One idea would be to SIGSTOP the other threads before we do the execve. They're presumably going to be dead anyway so there's no reason to run them. But...we'd have to SIGCONT them on failure, and not do that to any that were already stopped or being ptraced, etc.

David Howells suggested allocating a one byte lock cookie that could be passed
over execve. Then we could pass ownership without having to change anything. That's an option but it adds overhead in the case where there is no locking involved.

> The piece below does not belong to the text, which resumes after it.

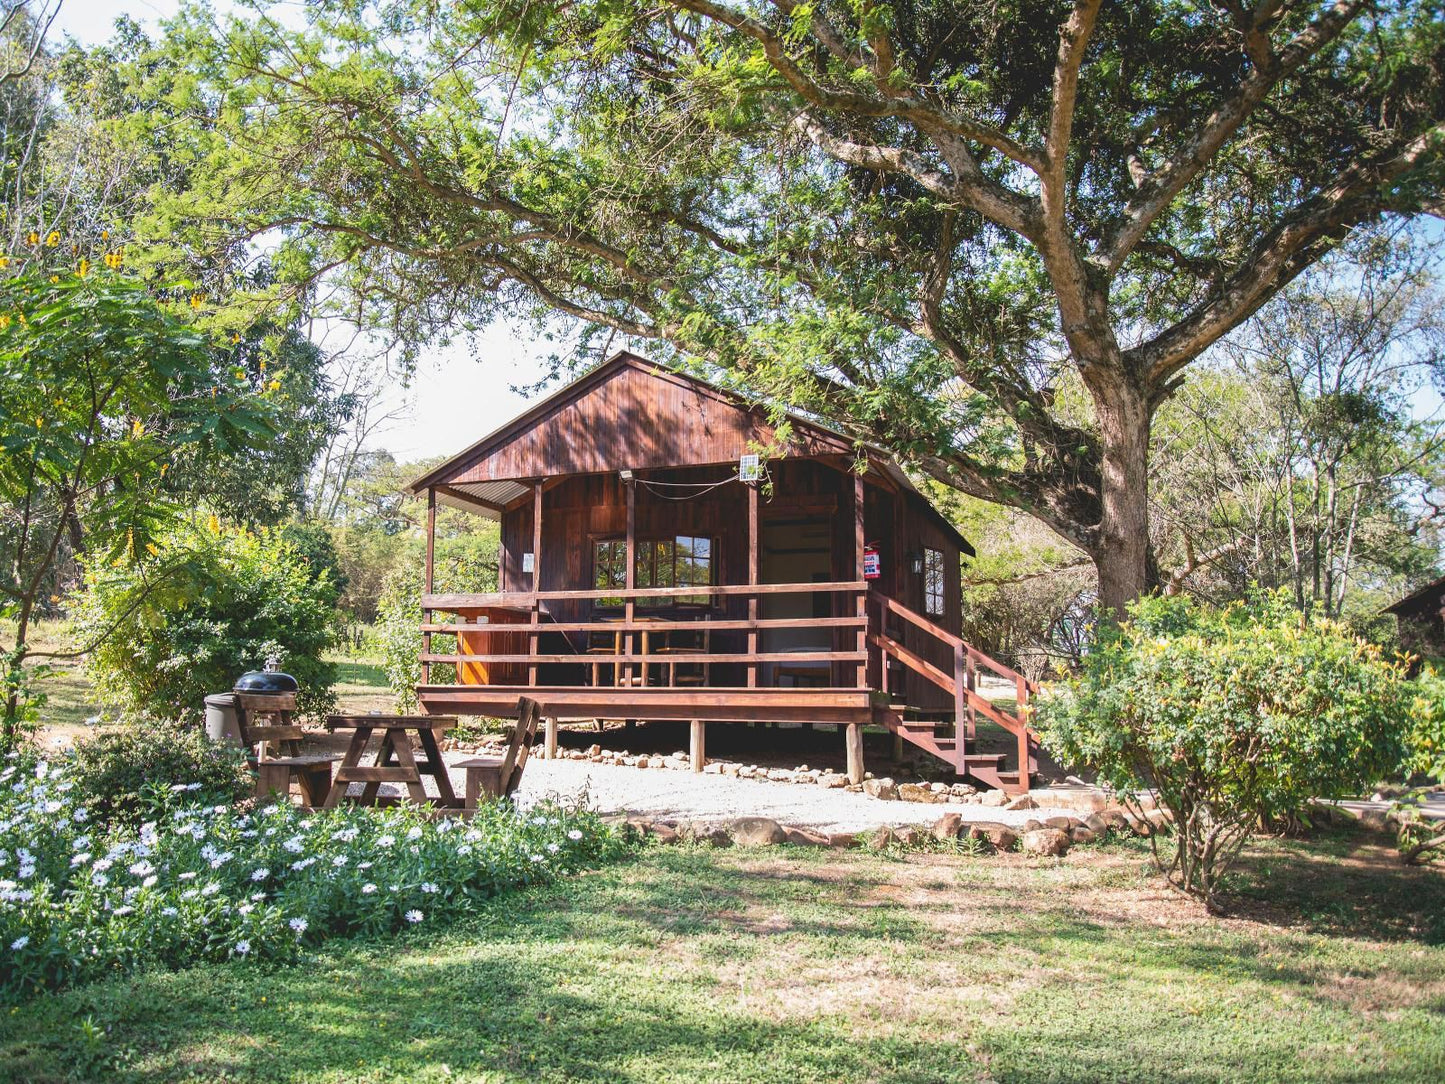 Thokozani Lodge White River Mpumalanga South Africa Cabin, Building, Architecture

Comment 4 Jeff Layton 2018-03-07 15:37:05 UTC
Ahh, we don't need to do it before the other threads are killed. We hold a reference to the old files_struct in that case, so we should be able to just change them in the case where we're going to return success.

Working on a draft patch now.

Comment 5 Jeff Layton 2018-03-07 18:49:22 UTC
Ok, patch sent to linux-fsdevel.org. It'll need to be backported to rhel7 if we're interested in fixing it there. Not sure if this approach is acceptable or not, but it should at least get a discussion going in that direction.

Comment 6 Jeff Layton 2018-04-10 15:00:30 UTC
The patch I had would be problematic for NFS, CIFS and other filesystems that use fl_owner_t. Eric B. had a proposed scheme to avoid the unshare_files call in most cases, but it's not trivial to implement.

Comment 7 Murphy Zhou 2018-08-07 01:47:55 UTC
Hi Jeff, any progress upstream? Can we expect this in RHEL-7.6?
Thanks!

Comment 11 RHEL Program Management 2021-02-15 07:37:47 UTC
After evaluating this issue, there are no plans to address it further or fix it in an upcoming release.  Therefore, it is being closed.  If plans change such that this issue will be fixed in an upcoming release, then the bug can be reopened.